What you return must be the full listing, word for word, with no images in it.
*** Opening of INFORMATION PROVIDED ***
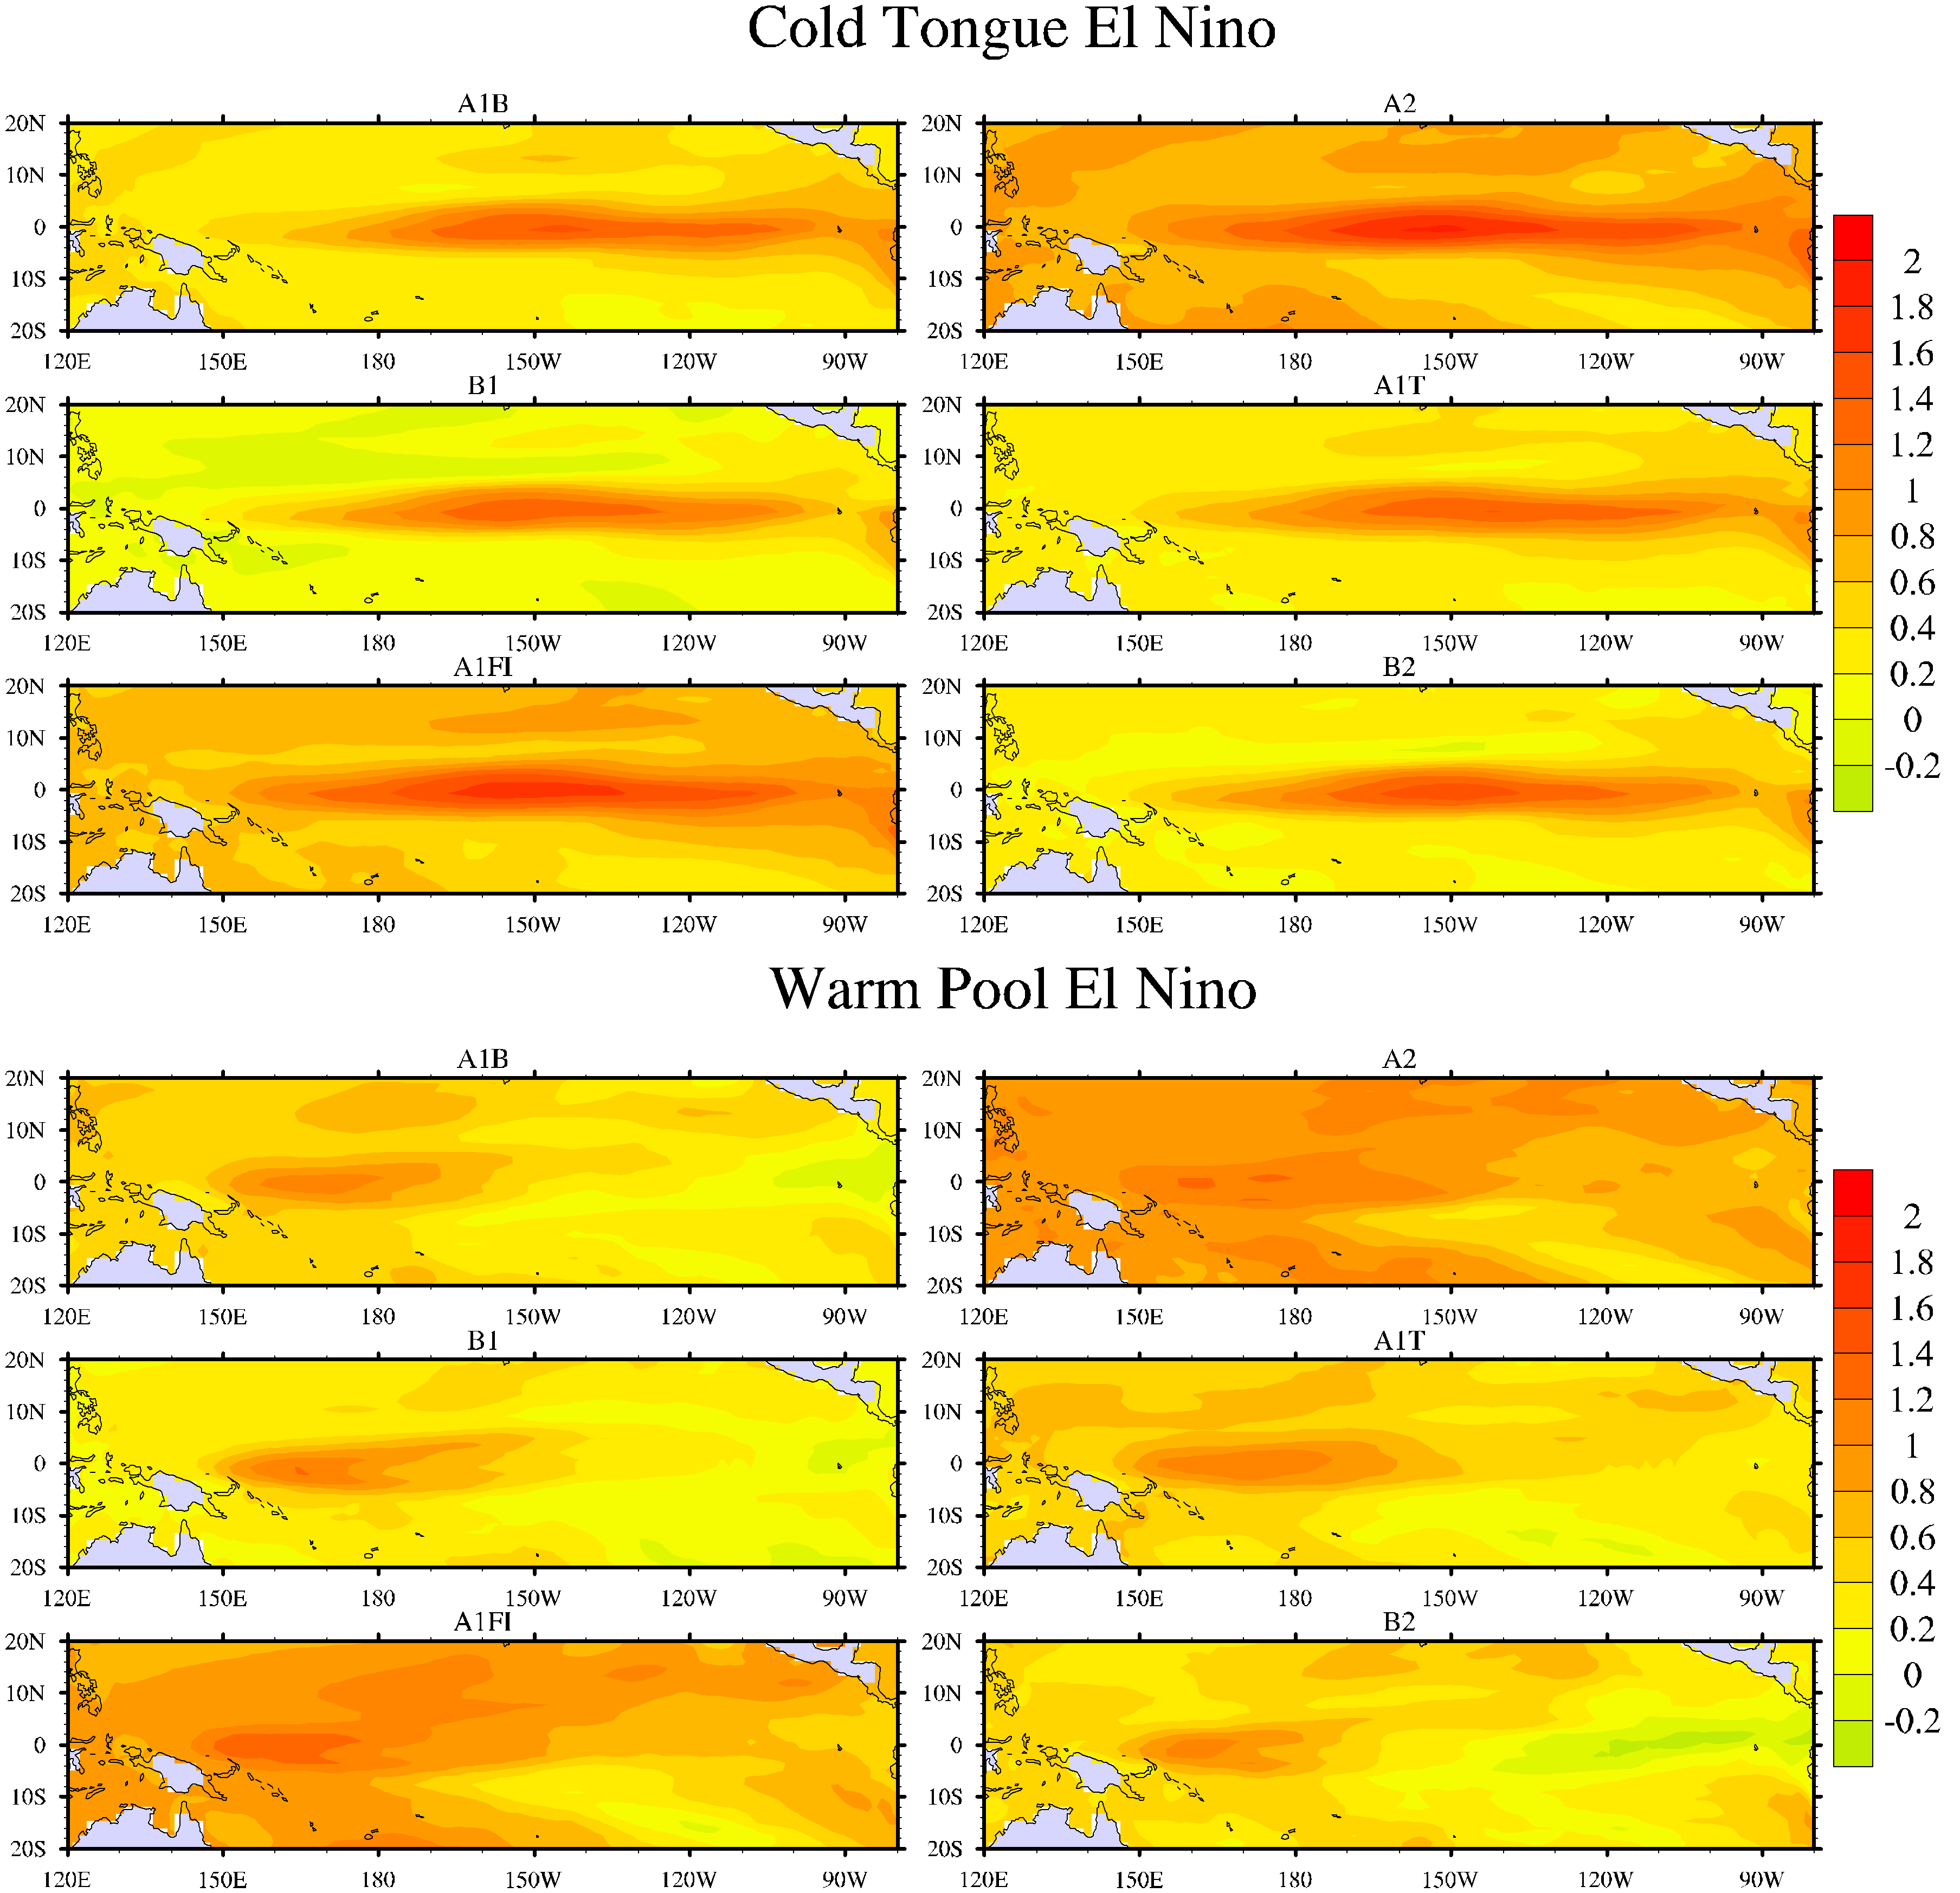 Figure 1.22. Anomalies of sea surface temperature for Cold Tongue El Nino(upper panel) and Warm Pool El Nino (lower panel) in six scenario experiments.
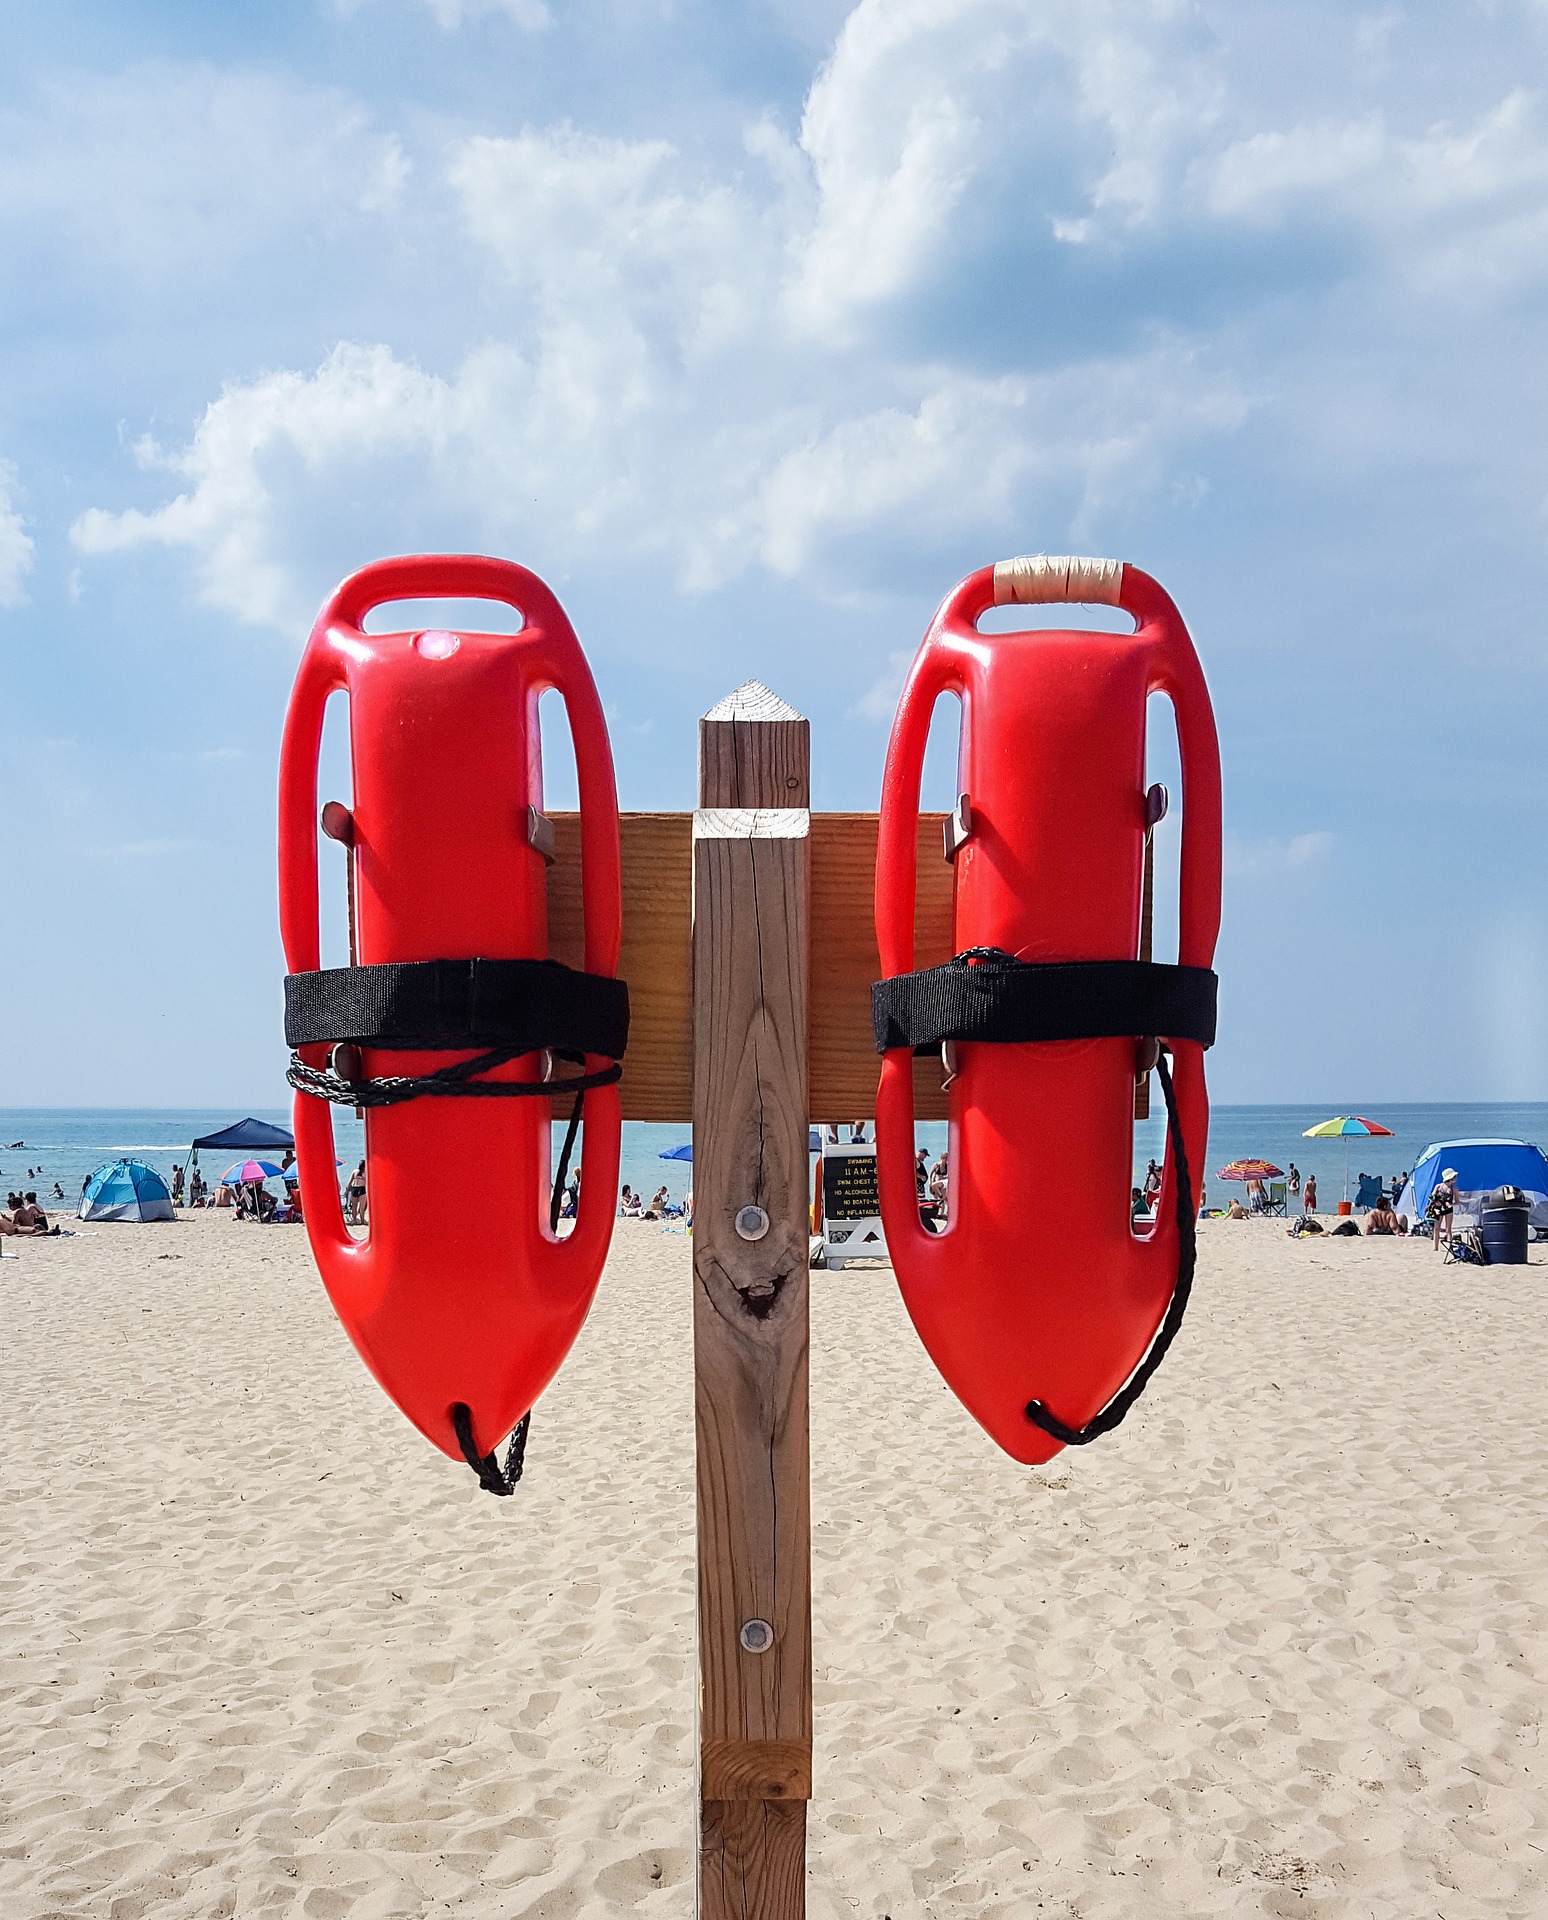 Lifeguard-Buoy
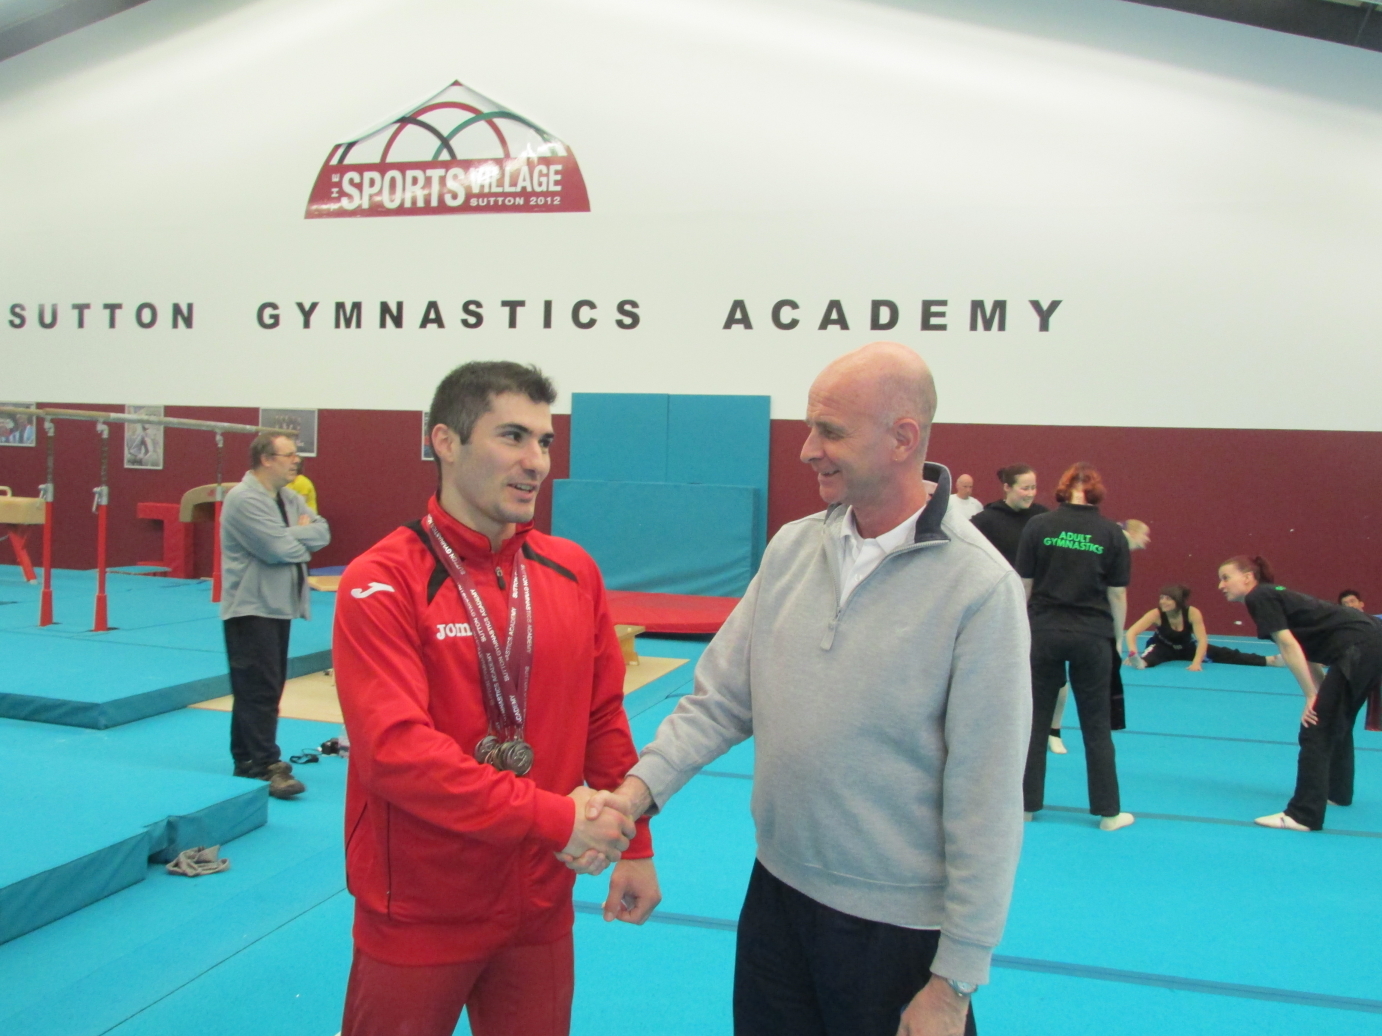 Stef with coach Maurice at Sutton Gymnastics Academy
*** Close of INFORMATION PROVIDED ***
> _SOLUTION FOR THIS EXERCISE_
 Figure 1.22. Anomalies of sea surface temperature for Cold Tongue El Nino(upper panel) and Warm Pool El Nino (lower panel) in six scenario experiments.
 Lifeguard-Buoy
 Stef with coach Maurice at Sutton Gymnastics Academy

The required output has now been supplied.